§ DIRECTIONS: Without omitting anything, copy every entry word for word.

§ GIVEN ENTRIES:
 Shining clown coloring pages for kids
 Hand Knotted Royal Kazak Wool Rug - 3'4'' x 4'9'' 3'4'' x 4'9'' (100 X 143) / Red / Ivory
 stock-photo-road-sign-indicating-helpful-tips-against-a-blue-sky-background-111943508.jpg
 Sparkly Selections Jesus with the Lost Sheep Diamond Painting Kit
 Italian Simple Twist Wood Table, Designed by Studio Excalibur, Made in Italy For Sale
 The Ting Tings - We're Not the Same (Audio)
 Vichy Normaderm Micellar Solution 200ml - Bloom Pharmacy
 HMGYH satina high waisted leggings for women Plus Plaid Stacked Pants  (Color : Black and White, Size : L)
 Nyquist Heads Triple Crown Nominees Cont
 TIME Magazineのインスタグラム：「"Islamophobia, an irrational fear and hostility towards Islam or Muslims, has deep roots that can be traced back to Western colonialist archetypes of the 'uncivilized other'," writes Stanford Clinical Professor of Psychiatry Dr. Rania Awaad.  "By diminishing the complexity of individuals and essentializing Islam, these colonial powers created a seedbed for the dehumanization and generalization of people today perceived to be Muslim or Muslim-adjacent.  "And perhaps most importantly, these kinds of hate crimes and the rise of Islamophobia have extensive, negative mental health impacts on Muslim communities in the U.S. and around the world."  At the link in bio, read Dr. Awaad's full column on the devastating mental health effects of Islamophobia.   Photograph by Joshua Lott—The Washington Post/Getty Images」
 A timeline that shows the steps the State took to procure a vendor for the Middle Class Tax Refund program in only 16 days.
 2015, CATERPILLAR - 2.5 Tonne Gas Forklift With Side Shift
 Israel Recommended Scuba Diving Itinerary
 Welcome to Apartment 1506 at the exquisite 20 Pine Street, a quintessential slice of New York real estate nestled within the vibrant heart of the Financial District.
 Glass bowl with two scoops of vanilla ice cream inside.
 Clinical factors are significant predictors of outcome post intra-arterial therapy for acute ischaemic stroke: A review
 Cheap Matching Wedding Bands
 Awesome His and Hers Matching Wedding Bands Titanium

§ EXERCISE OUTPUT:
 Shining clown coloring pages for kids
 Hand Knotted Royal Kazak Wool Rug - 3'4'' x 4'9'' 3'4'' x 4'9'' (100 X 143) / Red / Ivory
 stock-photo-road-sign-indicating-helpful-tips-against-a-blue-sky-background-111943508.jpg
 Sparkly Selections Jesus with the Lost Sheep Diamond Painting Kit
 Italian Simple Twist Wood Table, Designed by Studio Excalibur, Made in Italy For Sale
 The Ting Tings - We're Not the Same (Audio)
 Vichy Normaderm Micellar Solution 200ml - Bloom Pharmacy
 HMGYH satina high waisted leggings for women Plus Plaid Stacked Pants  (Color : Black and White, Size : L)
 Nyquist Heads Triple Crown Nominees Cont
 TIME Magazineのインスタグラム：「"Islamophobia, an irrational fear and hostility towards Islam or Muslims, has deep roots that can be traced back to Western colonialist archetypes of the 'uncivilized other'," writes Stanford Clinical Professor of Psychiatry Dr. Rania Awaad.  "By diminishing the complexity of individuals and essentializing Islam, these colonial powers created a seedbed for the dehumanization and generalization of people today perceived to be Muslim or Muslim-adjacent.  "And perhaps most importantly, these kinds of hate crimes and the rise of Islamophobia have extensive, negative mental health impacts on Muslim communities in the U.S. and around the world."  At the link in bio, read Dr. Awaad's full column on the devastating mental health effects of Islamophobia.   Photograph by Joshua Lott—The Washington Post/Getty Images」
 A timeline that shows the steps the State took to procure a vendor for the Middle Class Tax Refund program in only 16 days.
 2015, CATERPILLAR - 2.5 Tonne Gas Forklift With Side Shift
 Israel Recommended Scuba Diving Itinerary
 Welcome to Apartment 1506 at the exquisite 20 Pine Street, a quintessential slice of New York real estate nestled within the vibrant heart of the Financial District.
 Glass bowl with two scoops of vanilla ice cream inside.
 Clinical factors are significant predictors of outcome post intra-arterial therapy for acute ischaemic stroke: A review
 Cheap Matching Wedding Bands
 Awesome His and Hers Matching Wedding Bands Titanium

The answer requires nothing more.